Courtesy of The Little Car Company
For those with money, this creates a niche for more expensive and weirder ways to celebrate the car craze.
“Car people are so loyal to their brand that they even want to wear it,” says Christy Schimpke, founder and designer of Crash Jewelry. Her husband runs a body shop in Los Angeles for supercars, fixing their fenders; Schimpke takes salvaged metal parts from said cars and turns them into cufflinks, bracelets and other accessories, using methods she has developed to preserve the original paint finish. You can now wear your Porsche 911 GT3, Maserati Ghibli or Bentley Continental on your wrist.
“It’s a niche,” she admits, “but there are a lot of very enthusiastic car enthusiasts here in California.”

This Bentley Arnage cuff ($175) is partially made from a fender from the brand’s Arnage Limousine.
Courtesy of Crash Jewelry
The scope of the market for ephemeral luxury cars is borderline fanatical. UK publisher Barker Cason will feature your favorite vehicle in one of its glossy coffee table book series; “Real cars, real owners” is its motto. It is aimed at those who have always dreamed of seeing their car glorified in print. Hartnack and Co. is an “artisan binder” that makes custom leather folders and boxes to store your classic car documents. And for those who want to look good while driving their vehicle, Greycar sells replica period-appropriate helmets, driving gloves, goggles and overalls.
“I’ve always been a bit of a petrolhead,” says Simon Wright, founder of Limited100, although that might be a slight understatement. “I think that [this kind of automotive paraphernalia] is a way for people to get closer to their car, or for some, to get closer to a car they may not be able to afford. In fact, I think the love of a particular car is often something that connects us to our youth or to pop culture more broadly.”
That’s why Wright’s company offers huge acrylic glass images of your favorite car – or indeed your own car – taken by one of his roster of six of the world’s leading automotive photographers, including McLaren’s in-house photographer. This dazzling wall art, measuring up to 16 feet wide, can be yours for just $12,000.

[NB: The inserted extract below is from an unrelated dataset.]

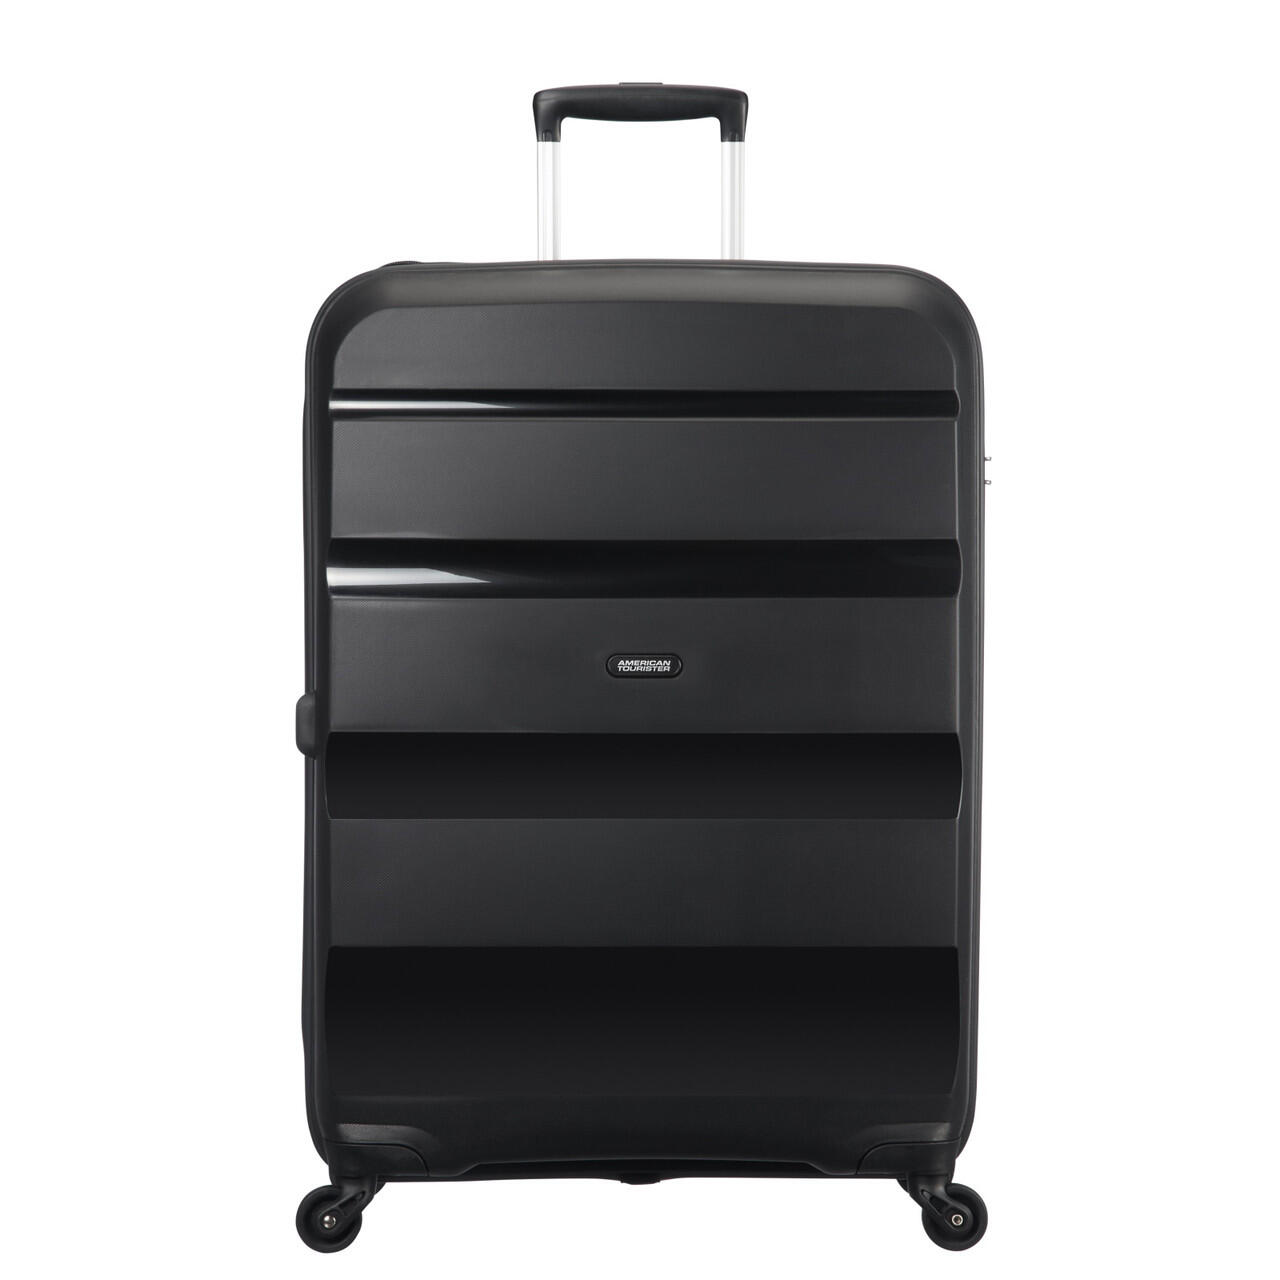 Bon Air 4 Wheel Large Suitcase - 75cm - Black 1/7

While Limited100 sells traditional prints, their premium offering is large-scale acrylic glass for walls.
Courtesy of Limited100
“We just delivered one that size to a guy in the south of France who wanted it for the garage where he keeps all his cars,” says Wright, who also sells more affordable prints from his photographers. “Of course, you need a lot of space to be able to put a picture that size.”
It’s somewhat easier to find room for one of Anthony Holt & Sons’ silver models on your shelf, but they’re no less expensive. The British silversmiths have in the past been model makers for the UK’s Royal Artillery and Royal Tank Regiments, but, as company director and craftsman Gil Holt points out, “I’ve never really liked tanks, all that military stuff. What I wanted to do was cars. Like a lot of men, I’m just in love with cars.”
Holt began making silver inlaid ashtrays, humidors and other items for Aston Martin and Bentley Mulliner. He now spends anywhere between four months and a year making by hand, one at a time, 1/24 scale silver models of his customers’ cars for about $7,000 a piece.

If you’re looking for something more sophisticated (and compact), consider a silver replica from Anthony Holt & Sons.
Courtesy of Anthony Holt & Sons
And Holt is really ready to go to town. That is, go to your city, take extensive photos of your car, take measurements, and then copy it down to the smallest detail in the precious metal. At its most extreme, one of his so-called “masterpiece” models could include fully working parts — a rotating steering wheel, removable seats, an opening gas cap, and so on — which would take him the best part of three years. , to make and will cost about $1.2 million.
“What can I say? I’m basically a model maker for car fanatics,” says Holt, who is also currently making a model for himself of his own Ferrari. “My customers just seem to like the idea, in a way, of having the car in their home. It’s a reminder of what they parked in their garage. It’s a piece of art, a conversation piece, an ornament that integrates their interest in cars. And, it seems, the desire to express that interest can be very, very deeply.